- [TASK DESCRIPTION]:
Pictures should be omitted; restate word for word the lines from the one holding "porté par ma" through the last line of the entries below.

*** Block opens ***

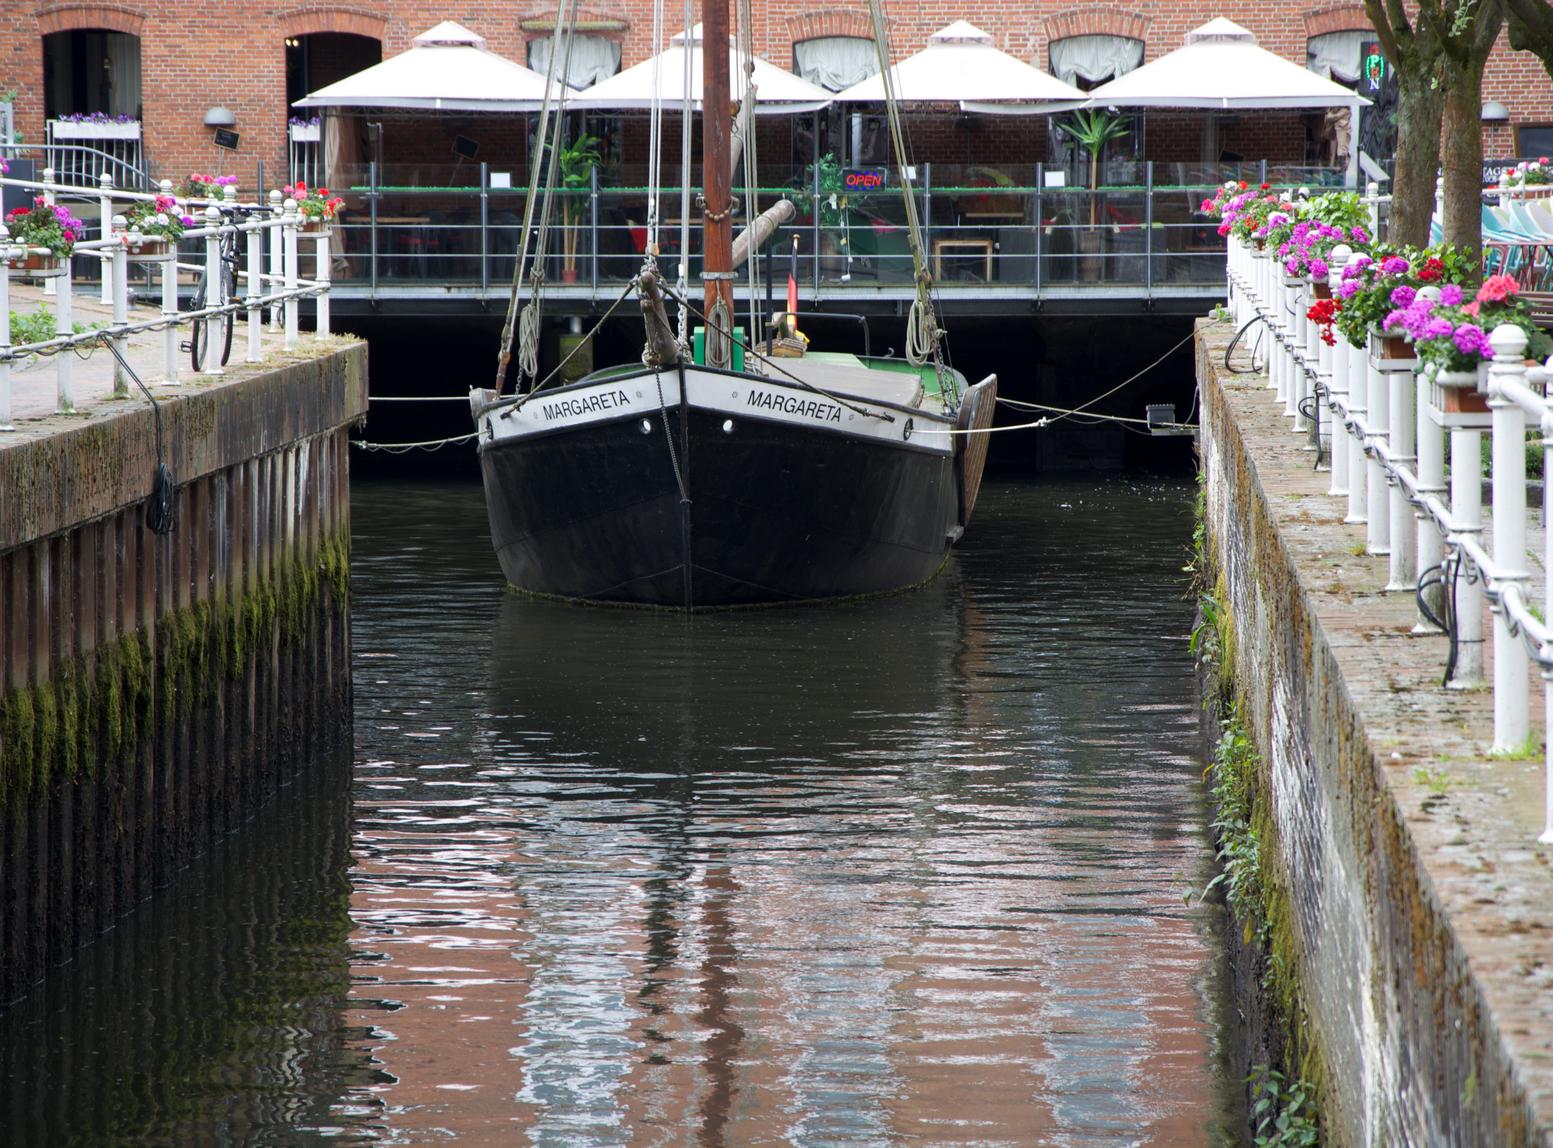 Das Frachtschiff MARGARETA aus dem Jahr 1897 verkehrte auf der Niederelbe bis ins Jahr 1950. 1991 restauriert Durch den Förderverein ALTSTADT BUXTEHUDE.
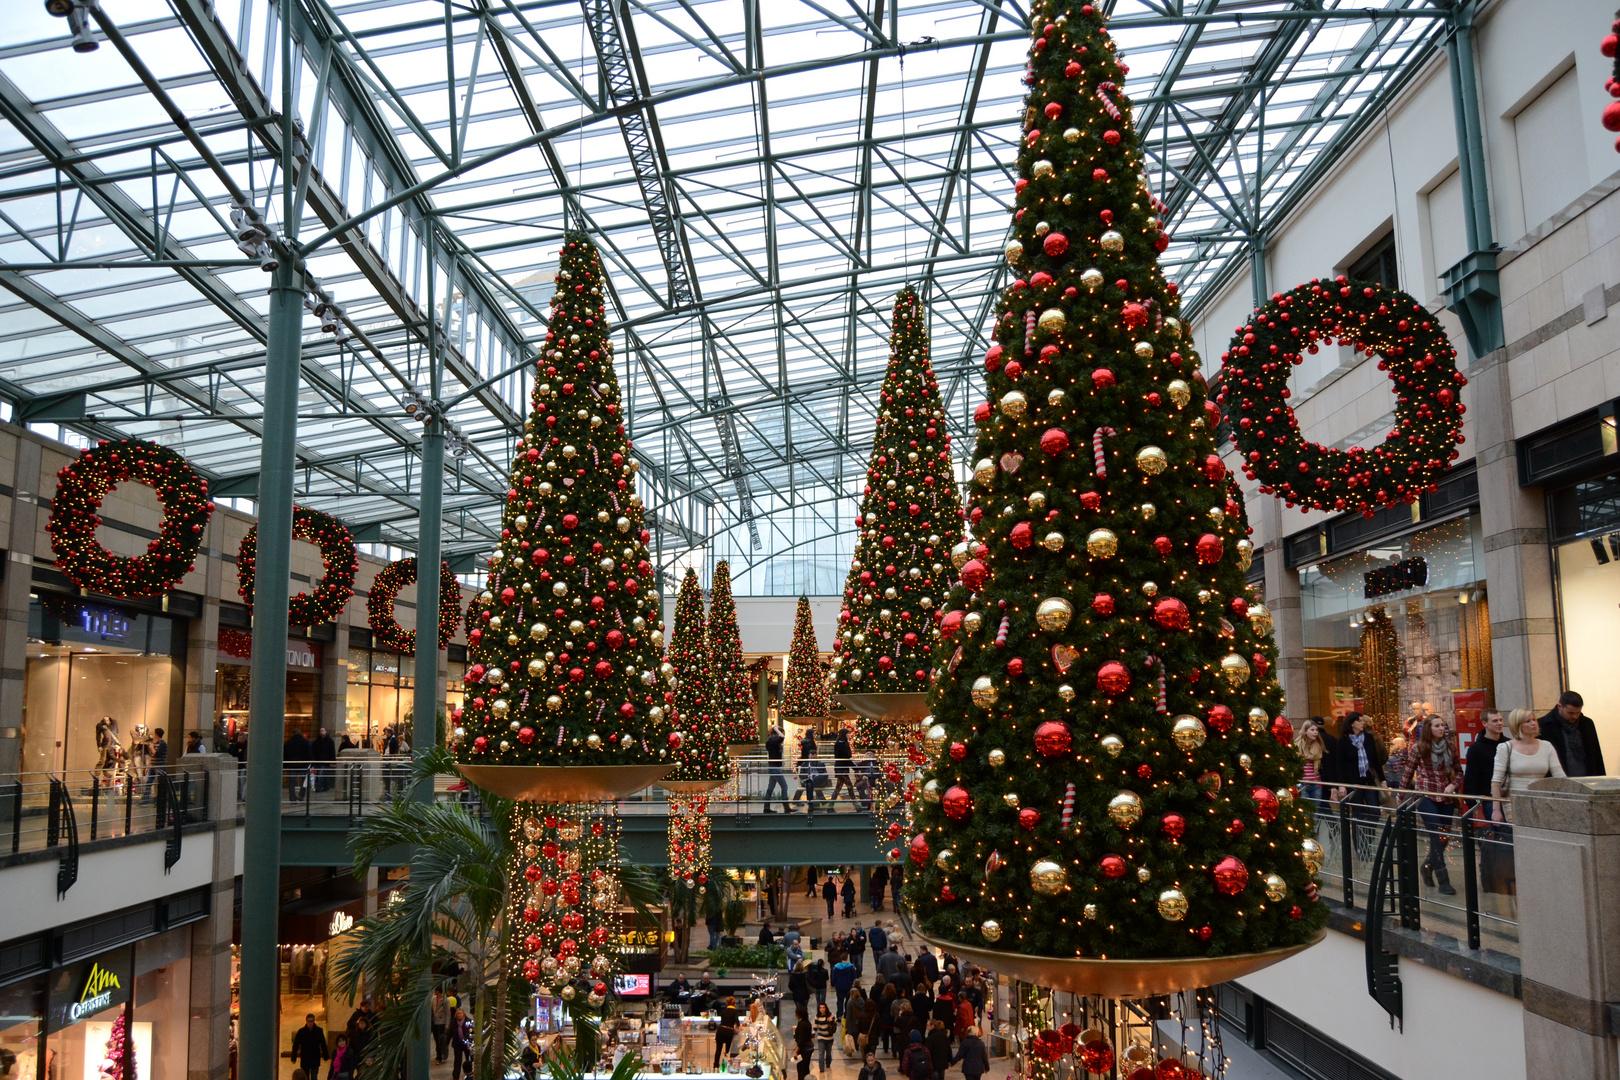 Noch mehr weihnachtsdeko im centro foto bild for Weihnachtsdeko bilder gratis
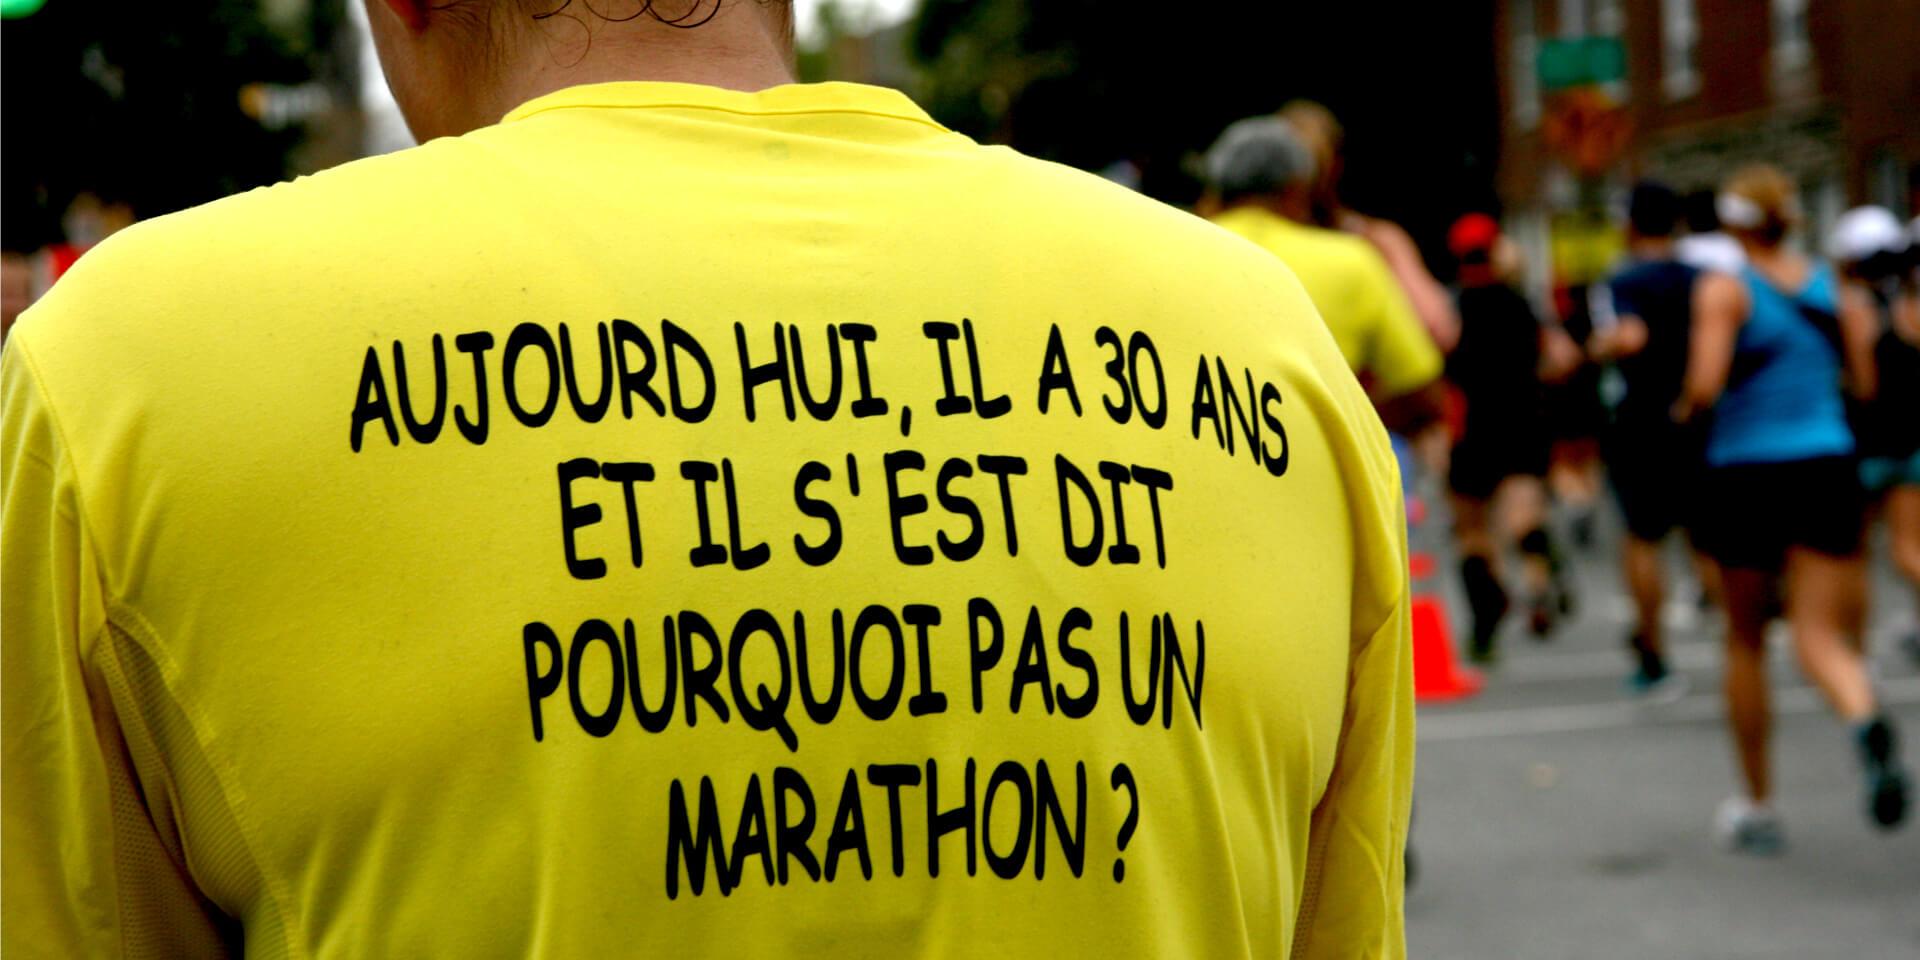 """Maillot porté par ma soeur lors du Marathon de Montréal, Canada avec l'inscription """"Aujourd'hui, il a 30 ans et il s'est dit pourquoi pas un marathon ?""""."""
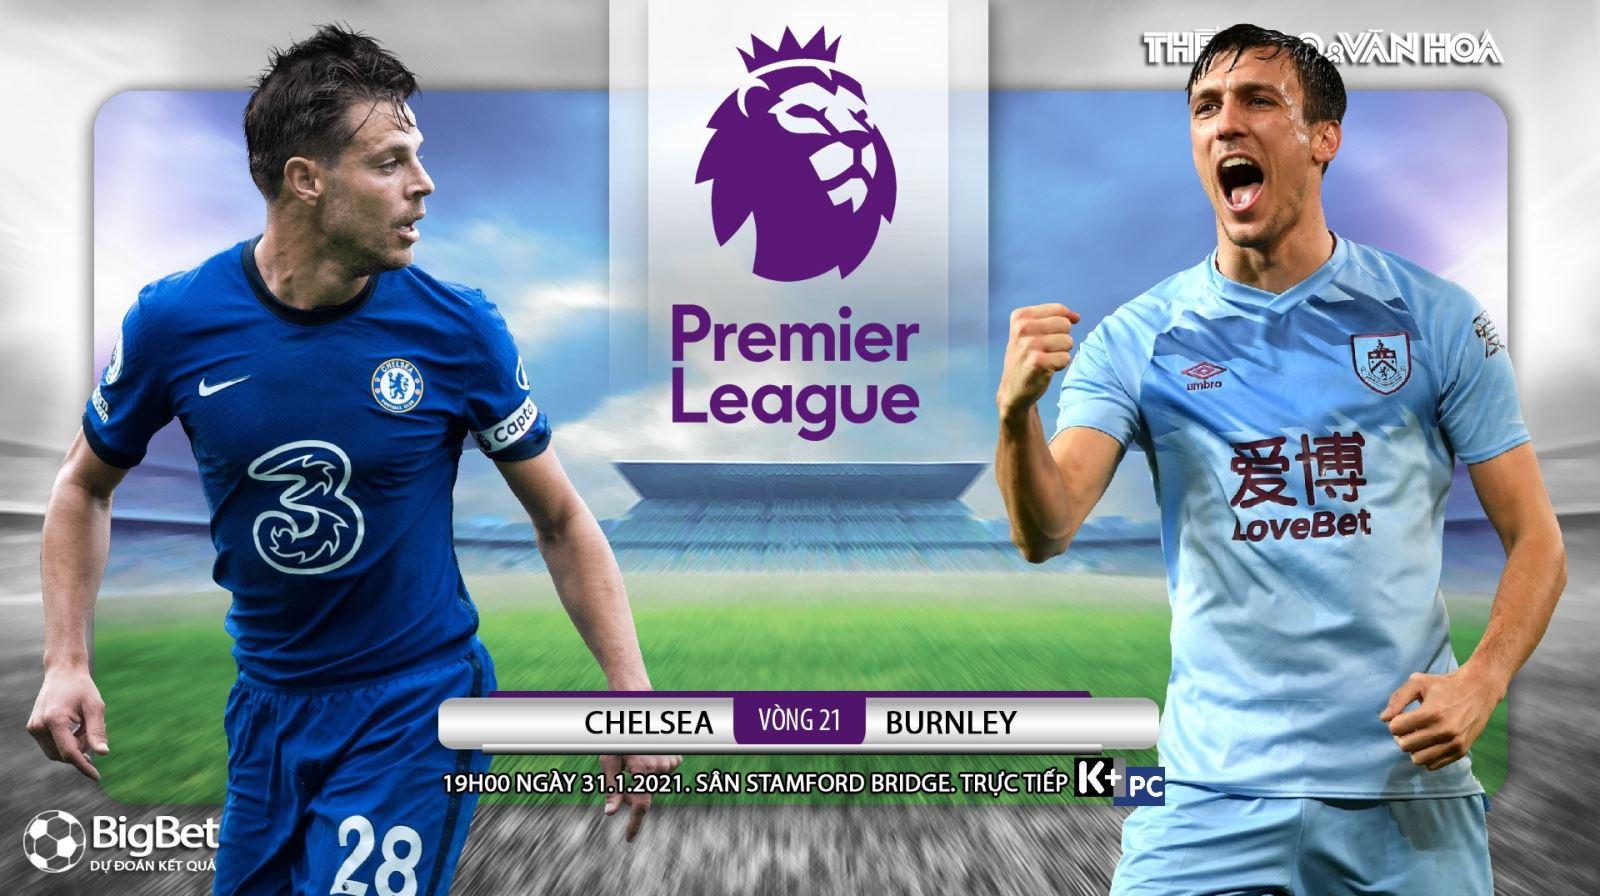 Soi kèo nhà cáiChelsea vs Burnley. K+PC trực tiếp bóng đá Ngoại hạng Anh
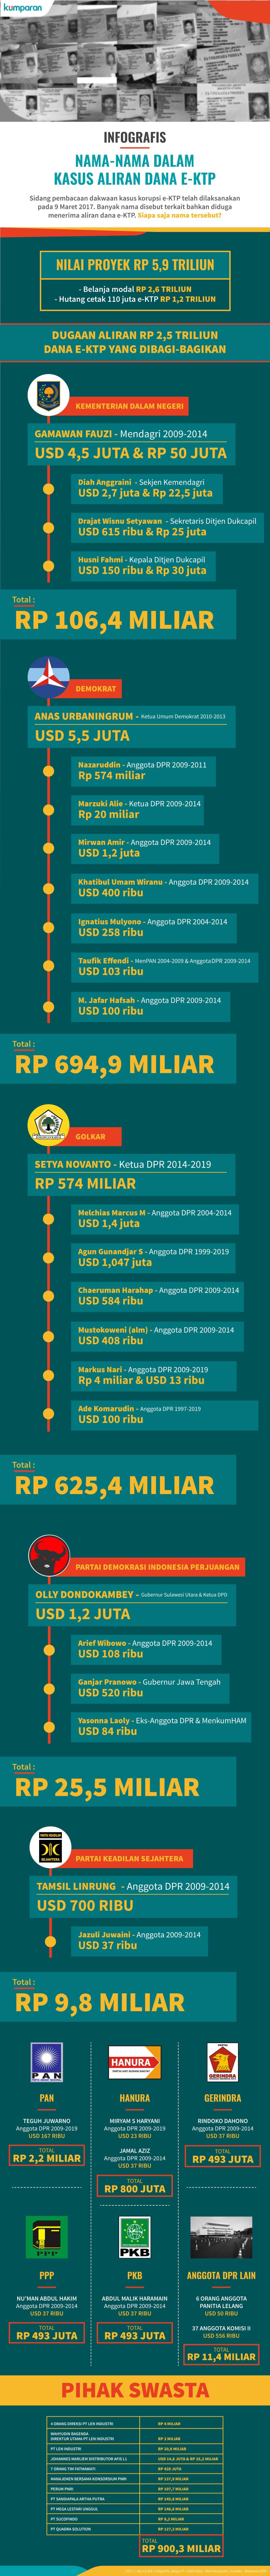 Infografis Rincian Nama dalam Kasus e-KTP

*** Block closes ***

- [ANSWER TO THE EXERCISE]:
 """Maillot porté par ma soeur lors du Marathon de Montréal, Canada avec l'inscription """"Aujourd'hui, il a 30 ans et il s'est dit pourquoi pas un marathon ?""""."""
 Soi kèo nhà cáiChelsea vs Burnley. K+PC trực tiếp bóng đá Ngoại hạng Anh
 Infografis Rincian Nama dalam Kasus e-KTP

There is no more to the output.